# Rule of thumb for center serving size?



## dwagoner (Sep 27, 2007)

is this for a recurve bow???? why were you thinking of using powergrip?? 

you do have to kinda understand what colors, material, strands and know how that size will come out and what size center serving will get you to a desired finished size. some is trial by serving it up and measuring, then deciding if you need to change size or even run the tag under it...


----------



## acco205 (Jun 13, 2014)

Sorry, polygrip* not power grip. And yes for a recurve. My current string uses angle for the center severing and its too slick IMO. Would like something with a little more grip that isnt a pain to keep knocking points in place on. 

And my question is about if there is a good method for estimating that before hand.


----------



## acco205 (Jun 13, 2014)

Nothing? Thats the answer? Magically know ahead of time or guess?


----------



## c365 (May 15, 2013)

Good to see you here acco205. As far as I know there are variables that make such info difficult. Like how tight one winds the serving, whether you burnish or compress the strands before beginning serving, exactly how tight you want the nock fit, (there's a small range of preferences within "correct" nock fit)
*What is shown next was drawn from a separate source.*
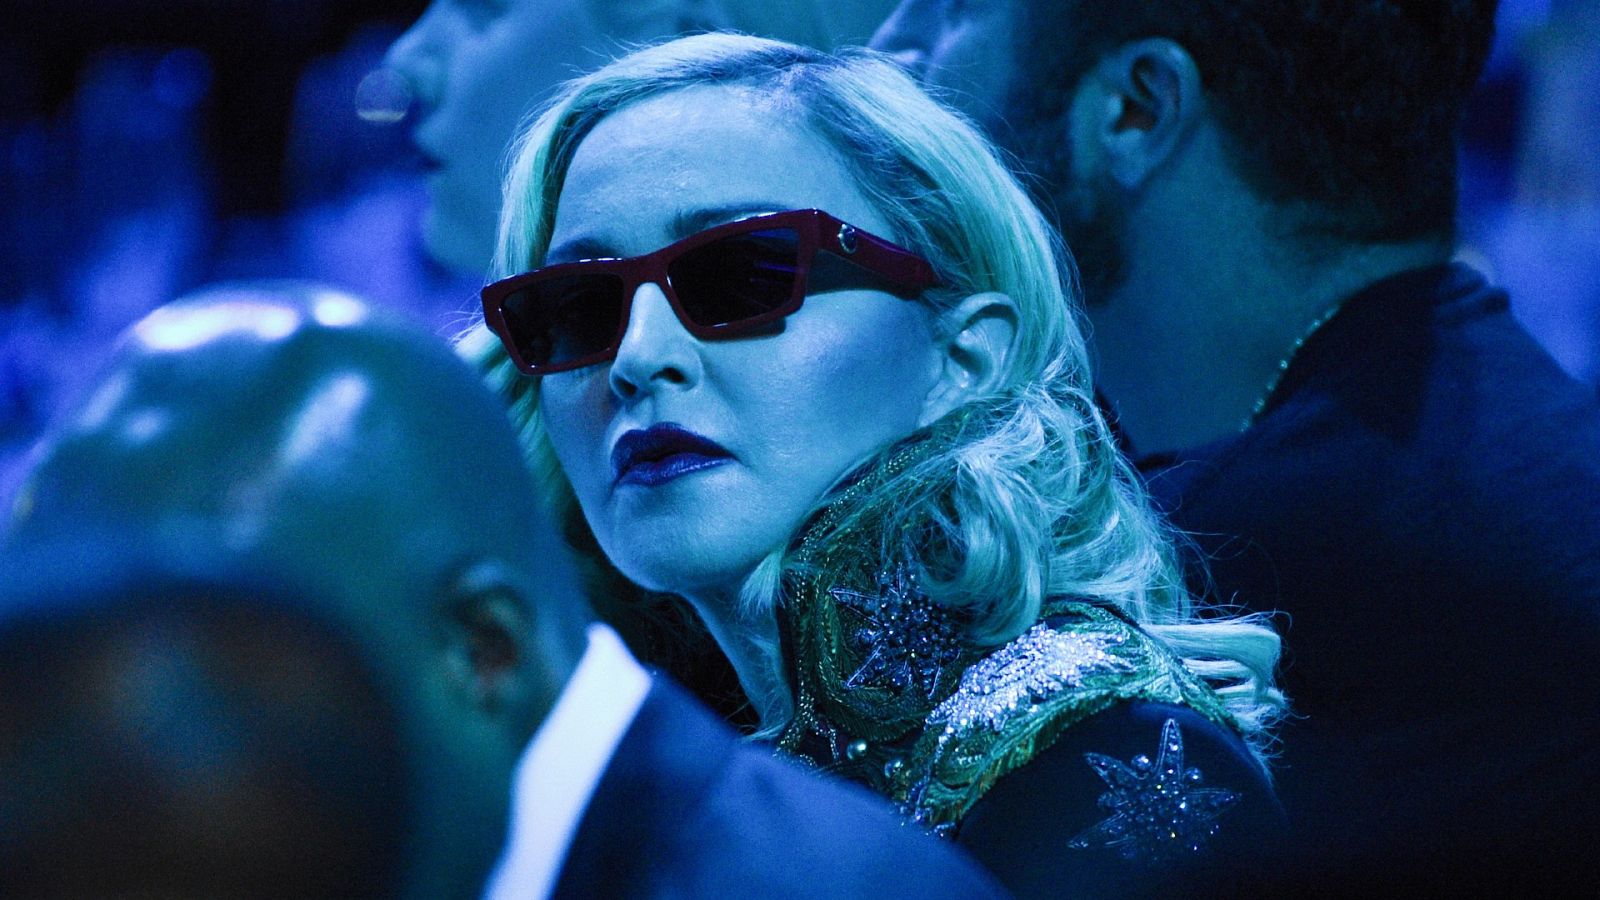 Madonna se ve envuelta en el escándalo de plagio más curioso hasta la fecha
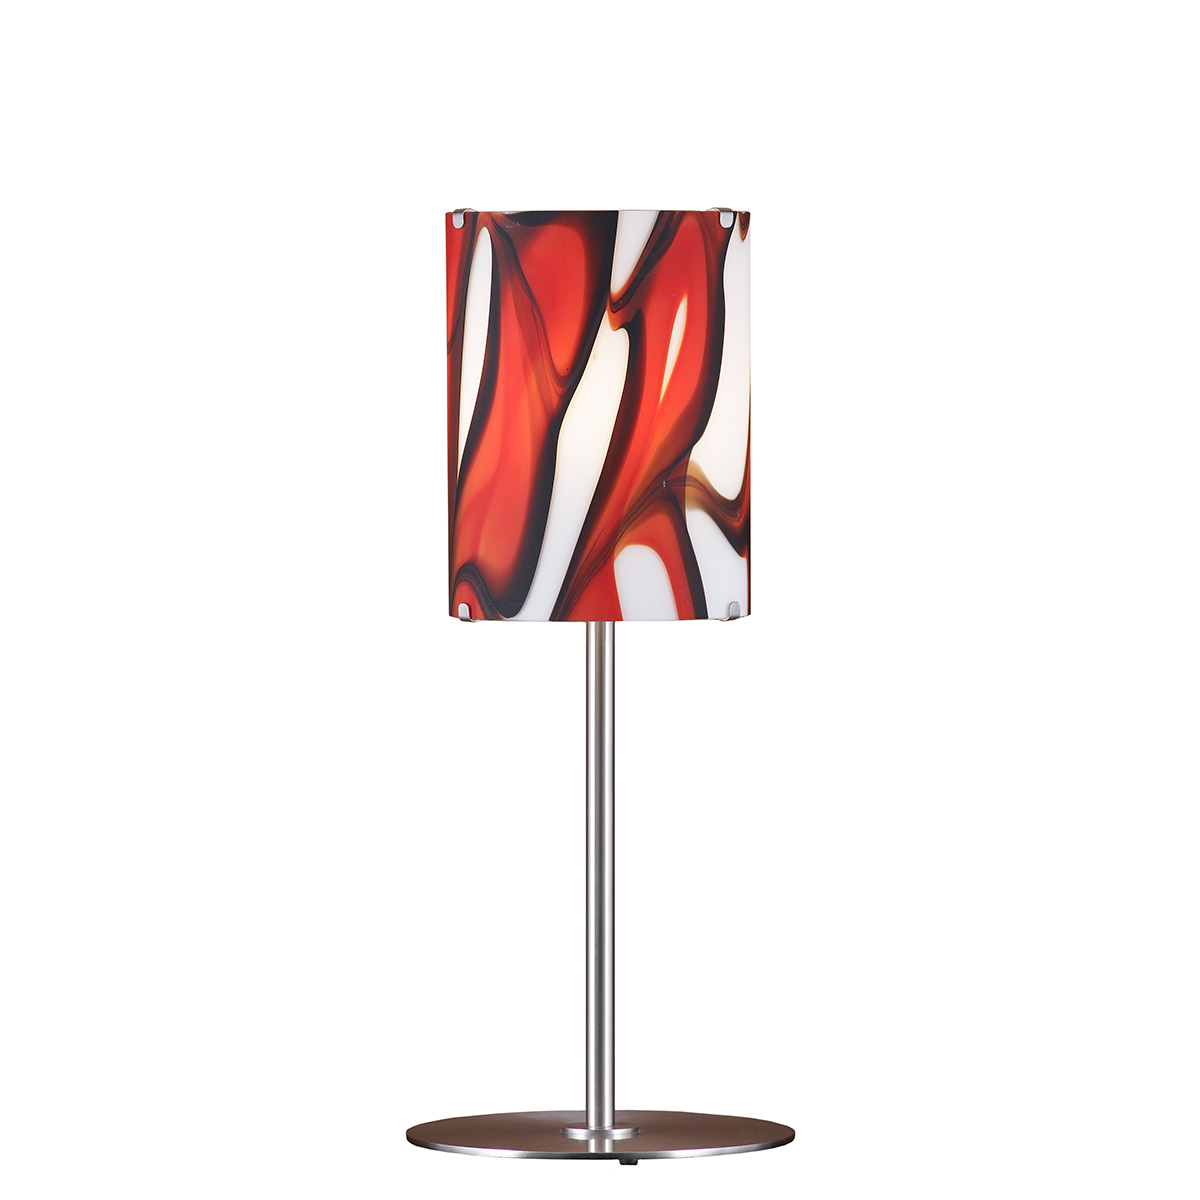 Μοντέρνα επιτραπέζια λάμπα COLORE modern Murano lamp

I guess there's a point where you can start but you'll eventually end up trying several sizes before you settle on "your own", takes a little experimenting.

Me, for 8125G, 18 strands, I use .017 center serving material. Have your nock handy and try it along points of the serving as you wind.

On the finished center serving diameter, I like about .080 
.010 is a smidgen too tight for me.

Hope that gives you a start.


----------



## acco205 (Jun 13, 2014)

Thanks! Thats pretty much what I was looking for- I know there are a lot of variables, but a ball park is better than flat out guessing, especially at $25-30/spool.

(Also yes, I occasionally wander into other sections of the forum lol)


----------